Today started off with a litany. And not a positive one either. This is the list I started making in my head.
I’m so tired.
Why can’t I just be a normal person with normal energy? Why do I always have to go up and then crash so hard?
Why did my husband have to start a new career when we were finally starting to be comfortable?
Why am I overweight and have to work out? (can you tell I’m sore from working out for the first time in forever? Also, I know why I’m overweight so I guess the real question here is, why can’t I say no to chocolate?)
Why do I have relationships with baggage?
Why can I never seem to pray as well as I’d like?
Why can’t I just figure out how to keep the dishwasher running without stacking two boxes in front of it every time just to keep the door closed? (true story)
I could keep going, but I think you get the idea. And I’m sure you could relate to some of the questions, and add others of your own.
Once I realized I was building such a substantial list, I told myself, “Jen, you need to start speaking truth to yourself.”
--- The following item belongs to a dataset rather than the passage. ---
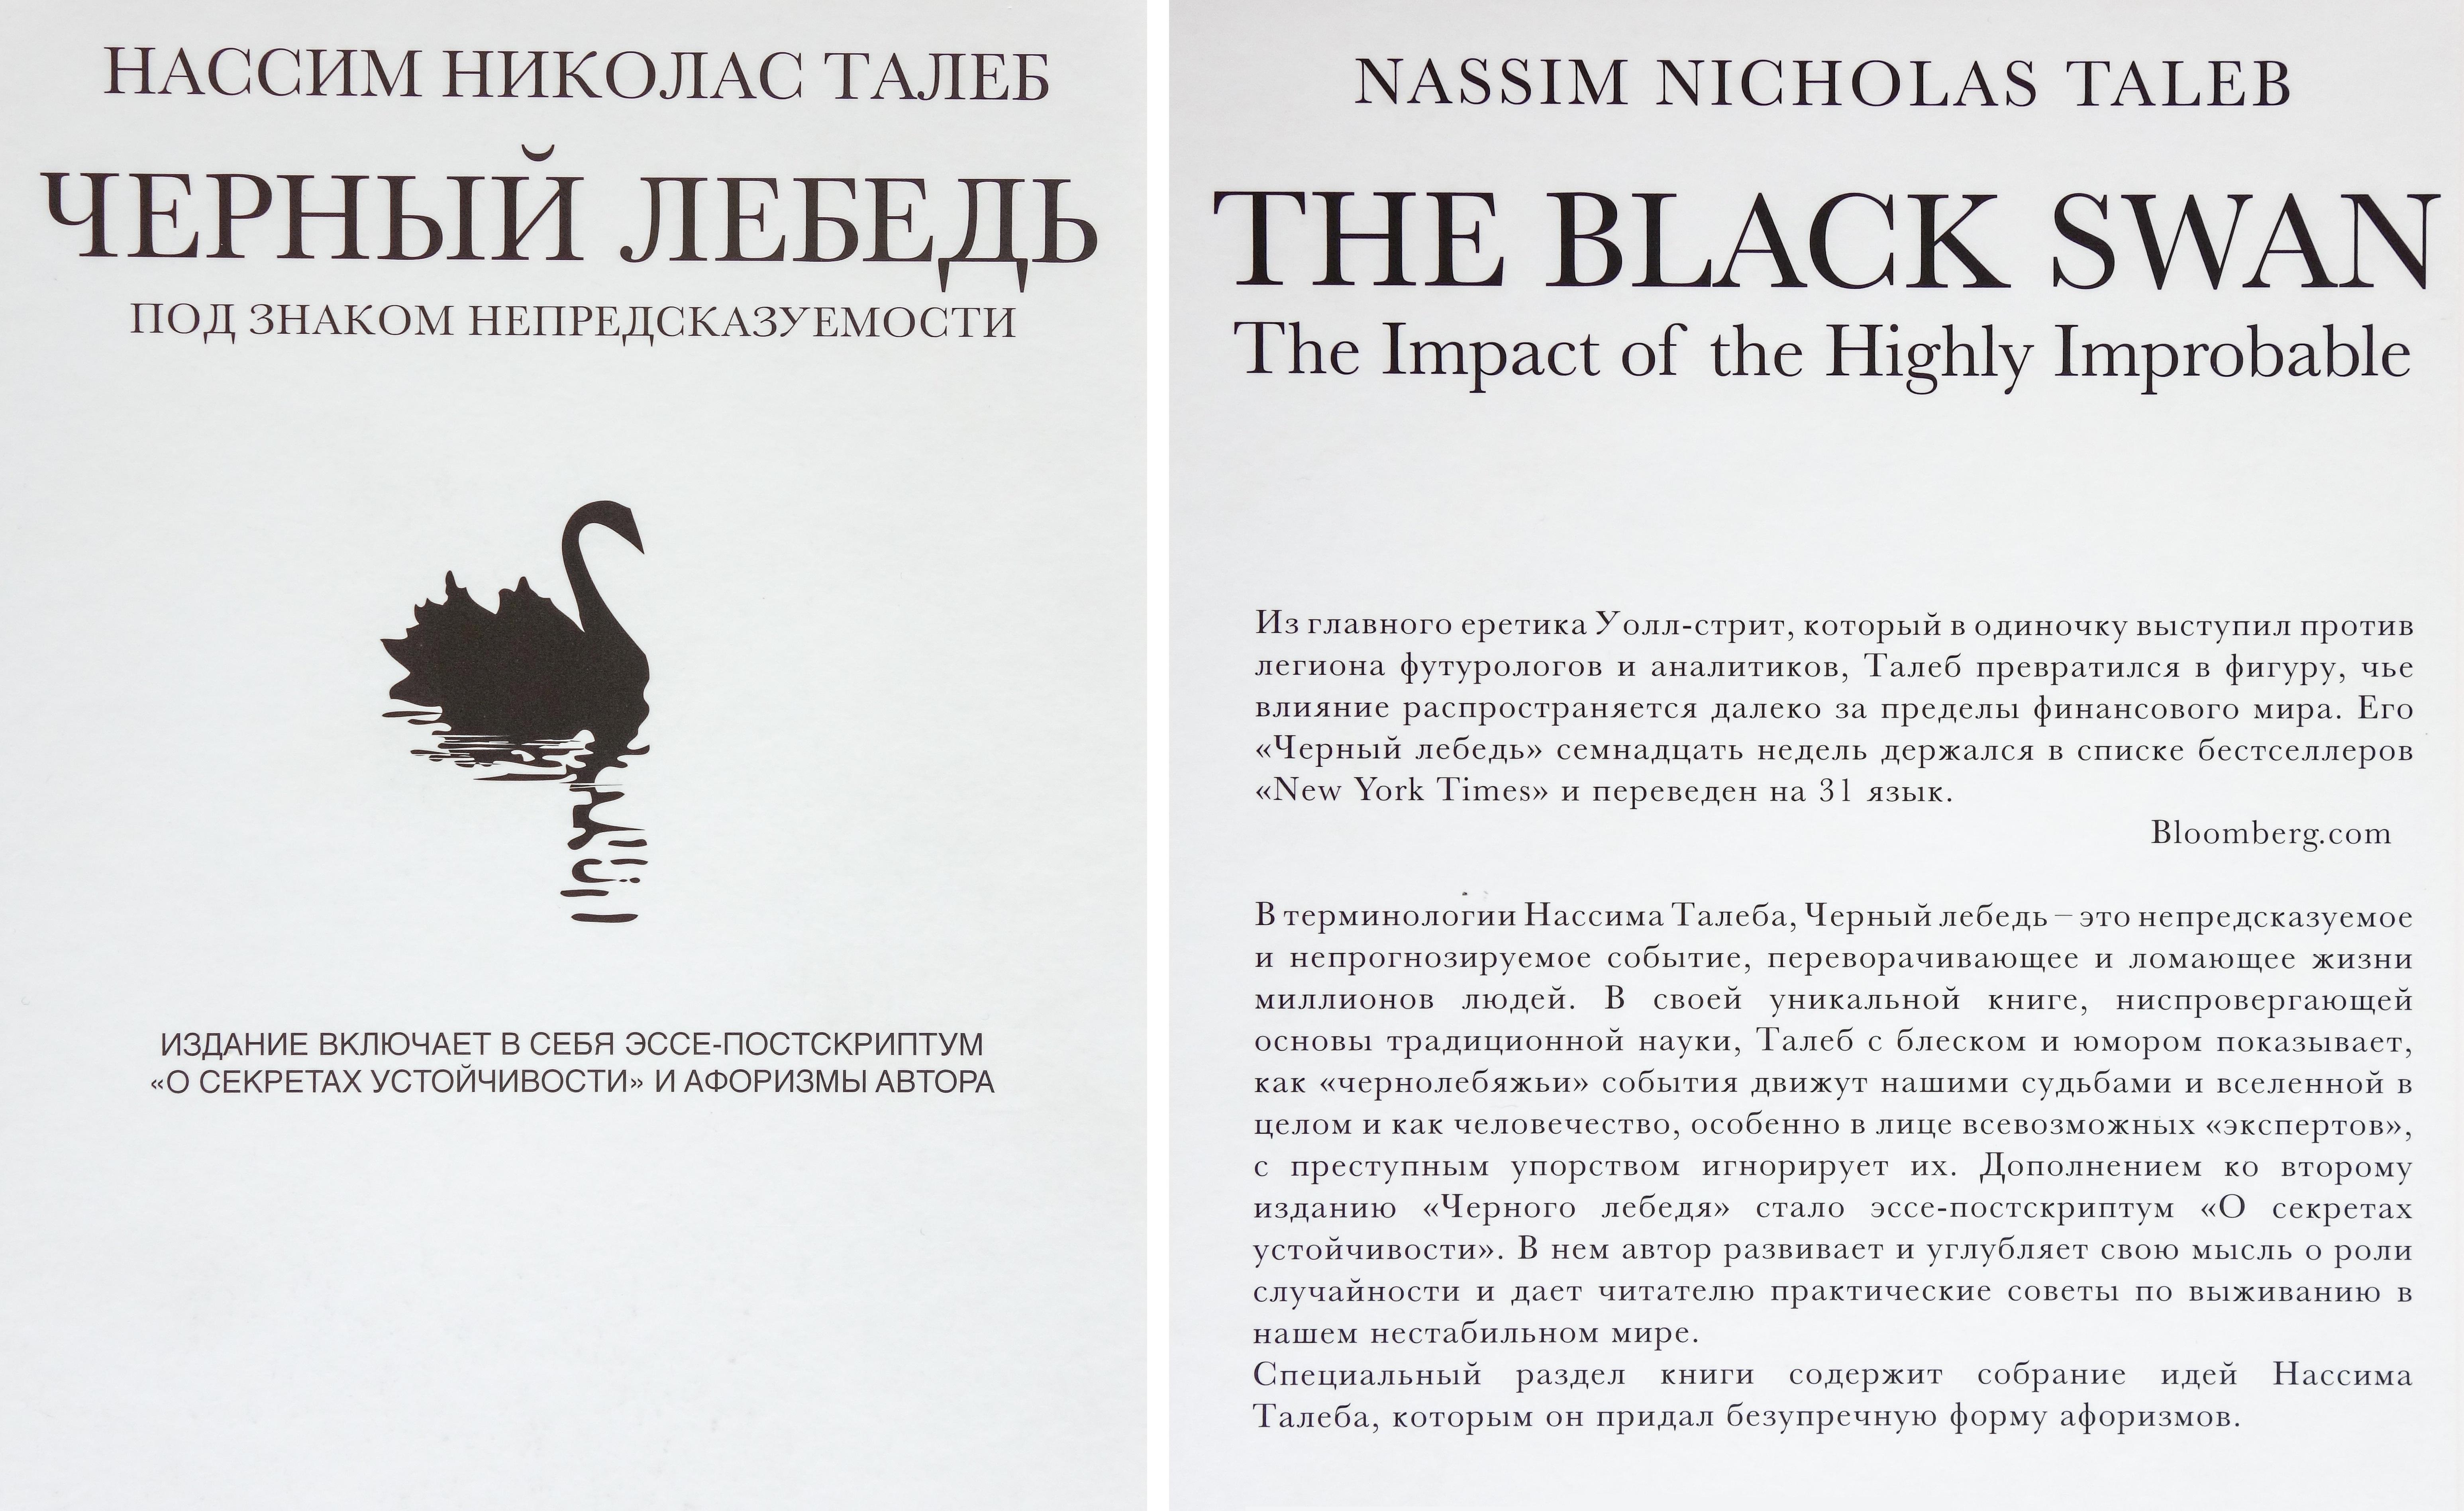 """Нассим Николас Талеб. """"Чёрный Лебедь. Под знаком непредсказуемости""""."""
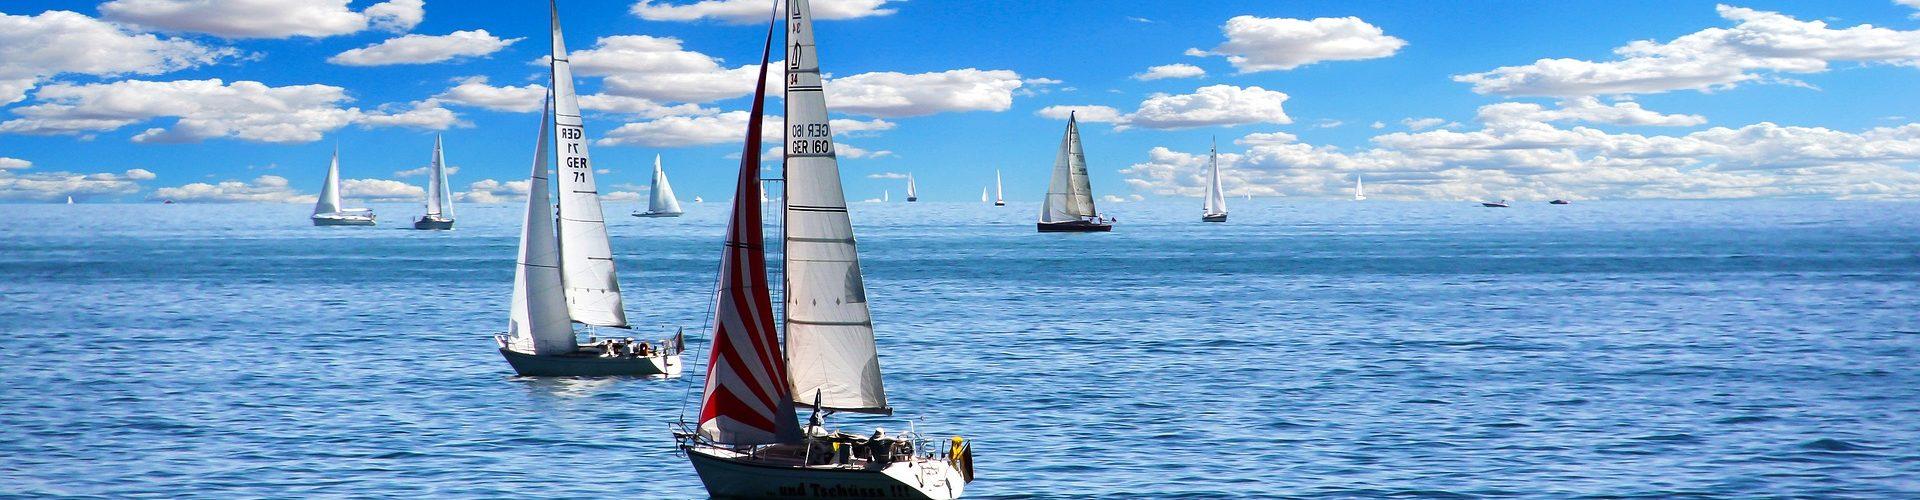 segeln lernen in Losheim am See segelschein machen in Losheim am See 1920x500 - Segeln lernen in Losheim am See

One problem though. All those things are true. I’m not a normal person, I do need to work out, I have baggage and my dishwasher really does drive me to the brink of insanity. So if I can’t tell myself truth to get out of this negative litany, what can I do?
And God whispered one word to me. Trust.
Of course I trust Him I thought. But then He continued.
Do you trust me? Do you trust me with your brain, with your health? Do you trust me with your finances and relationships? Will you continue in prayer, even when it’s hard? Do you trust me to give you the energy you need today?
Do you trust that what I have for you is best, even when it’s hard?
Do you trust me?
I have to answer yes. Of course I trust God. But then I had to ask myself if I was living like it today. Nope. I was not. I was tired and miserable and frankly, having fun listing all the things I didn’t like in my life today. My eyes were on myself.
Then God asked me to lift them up. To trust in Him, to depend on Him, to live with eternity in view. Some day it will not matter that my dishwasher drives me crazy. In the grand scheme of life, it does not matter now.
So today, I’m challenging myself to lift my eyes. To stop looking around me at the negative things, even though they may be true. And to trust God instead.